Ein später Valentinstag


Wieder einen normalen Tagesablauf einzuführen, war schwerer, als Ginny und Draco es sich vorgestellt hatten. Anscheinend hatte sich zwischen ihnen über Nacht alles verändert, obwohl es in Wirklichkeit fast zwei Monate gewesen waren. Einiges war gut, aber das Meiste war nicht gerade förderlich für ihre ohnehin schon angespannte Beziehung gewesen. Etwas so Einfaches, wie Ginny zu küssen, hatte sich für Draco komplett verändert. Er brauchte nicht lange, um festzustellen, dass Ginny nicht mehr die Augen schloss, wenn sie sich küssten. Es war, als würde sie erwarten, dass Draco sich in diesem intimen Augenblick in Potter verwandeln könnte. Draco war auch nicht in der Lage, den Kuss zu vertiefen. Wann immer er das tat, zuckte Ginny zusammen und zog sich zurück. Draco blieb zurück und kam sich wie der größte Idiot in ganz Hogwarts vor.

Es war aber nicht nur so, wenn sie sich küssten. Es gab auch viele kleine Dinge bei Draco und Ginny, die sich verändert hatten. Obwohl Ginny gesagt hatte, es wäre in Ordnung, wenn Draco wieder im selben Bett schlief wie sie, konnte Draco sagen, dass sie noch nicht komplett bereit dafür war, aber Ginny wollte in der Nacht auch nicht alleine sein. Wann auch immer sie schlafen gingen, konnte Draco sie nur halten, wenn sie wach und ihm zugedreht war. Ansonsten begann sie zu zucken und konnte nicht schlafen. Draco wusste, es war, weil er sie berührt hatte, und sie begann, von Potter und dieser Nacht zu träumen.

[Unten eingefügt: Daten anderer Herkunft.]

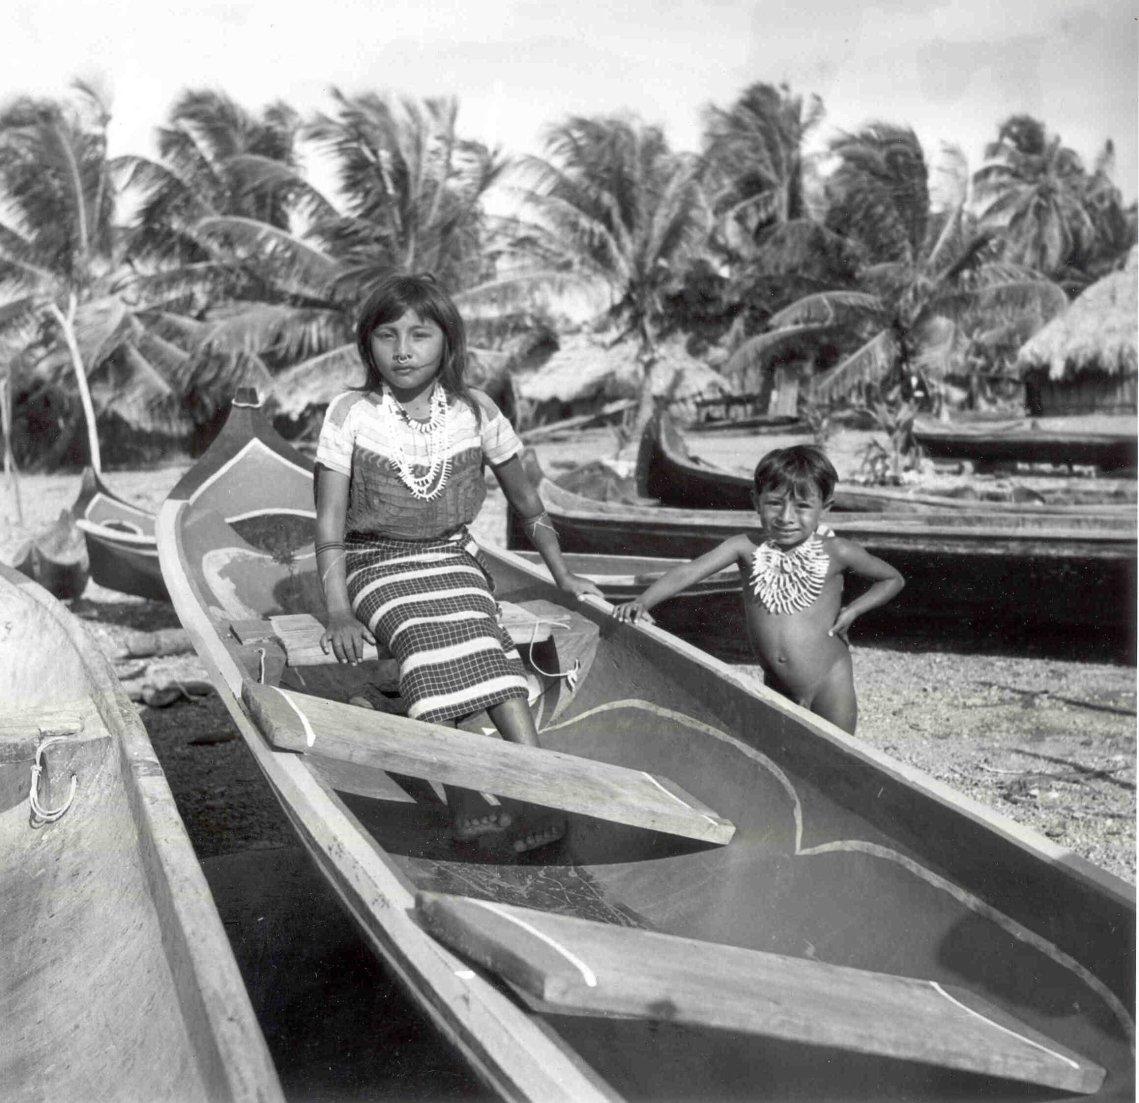 Fotografía de Bill Miller, en Ustupu, década de 1940.
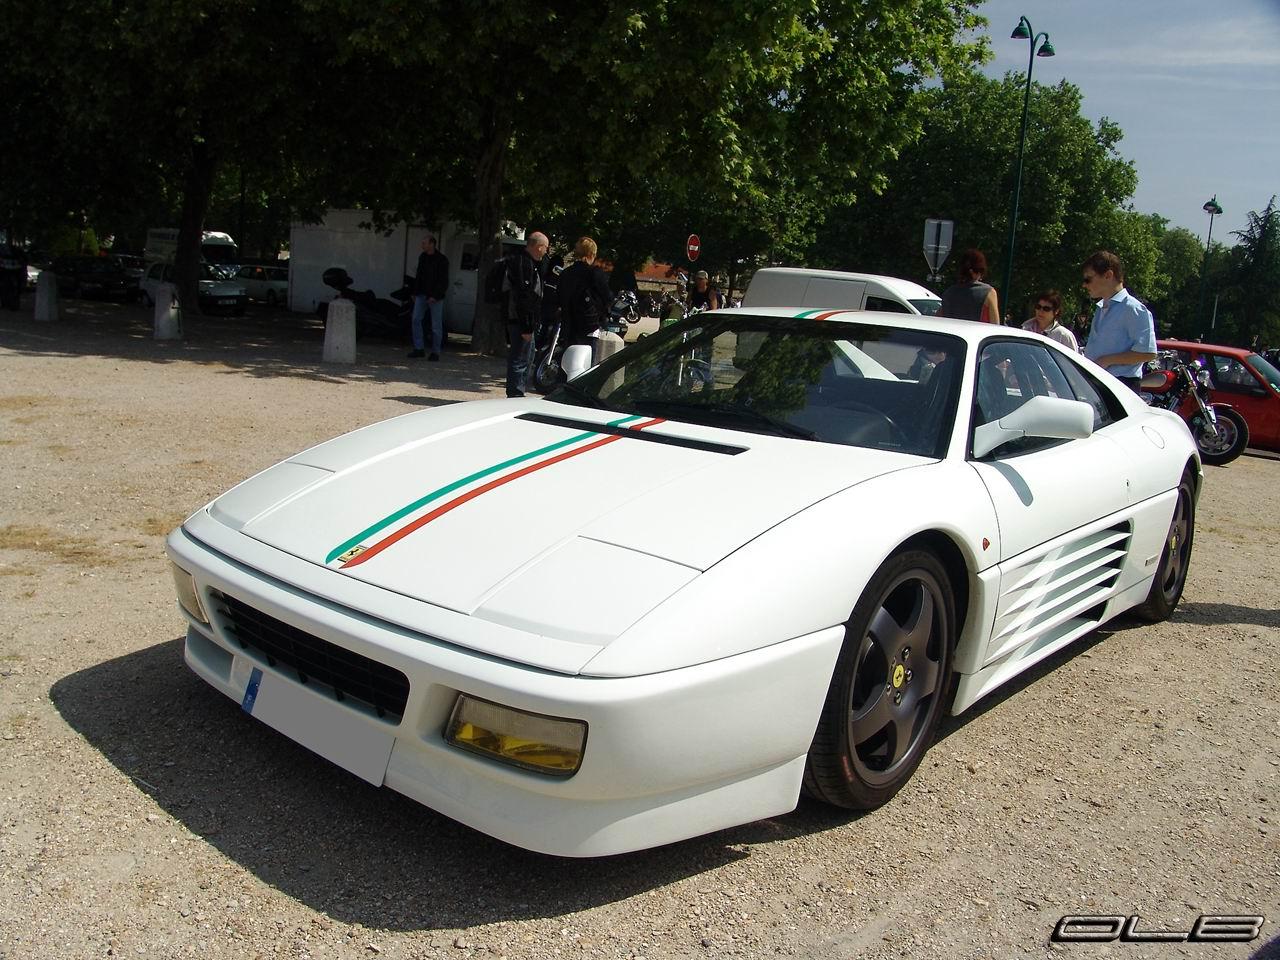 http://images.caradisiac.com/images/6/9/5/5/16955/S0-Photo-du-jour-Ferrari-348-Challenge-74424.jpg

Manchmal kuschelte Ginny sich an Draco, wenn sie schlief, aber das passierte nicht recht oft.

Andere kleine Dinge, wie nicht mehr einfach hinter Ginny auftauchen und sie umarmen oder küssen zu können, ärgerten Draco noch lange nicht so sehr, wie dass er sie nicht mehr Ginny nennen konnte. Zuerst hatte Ginny versucht, so zu tun, als würde es sie nicht stören, aber Draco konnte sagen, dass wann immer er ihren Namen aussprach, sie an Potter dachte. Aber dieses Problem hatte sie anscheinend bei niemandem sonst. Pansy, Blaise und die Zwillinge konnten sie ohne Probleme "Ginny" nennen. Und sie "Gin" zu nennen, funktionierte auch nicht. Also nannte er sie nun Ginevra, denn das war die einzige Bezeichnung, wie Potter sie nicht genannt hatte, und dies machte Ginny anscheinend auch nicht so viel aus. Obwohl Draco der Name gefiel, hasste er den Gedanken, dass sie immer an Potter dachte, wenn er sie anders nannte.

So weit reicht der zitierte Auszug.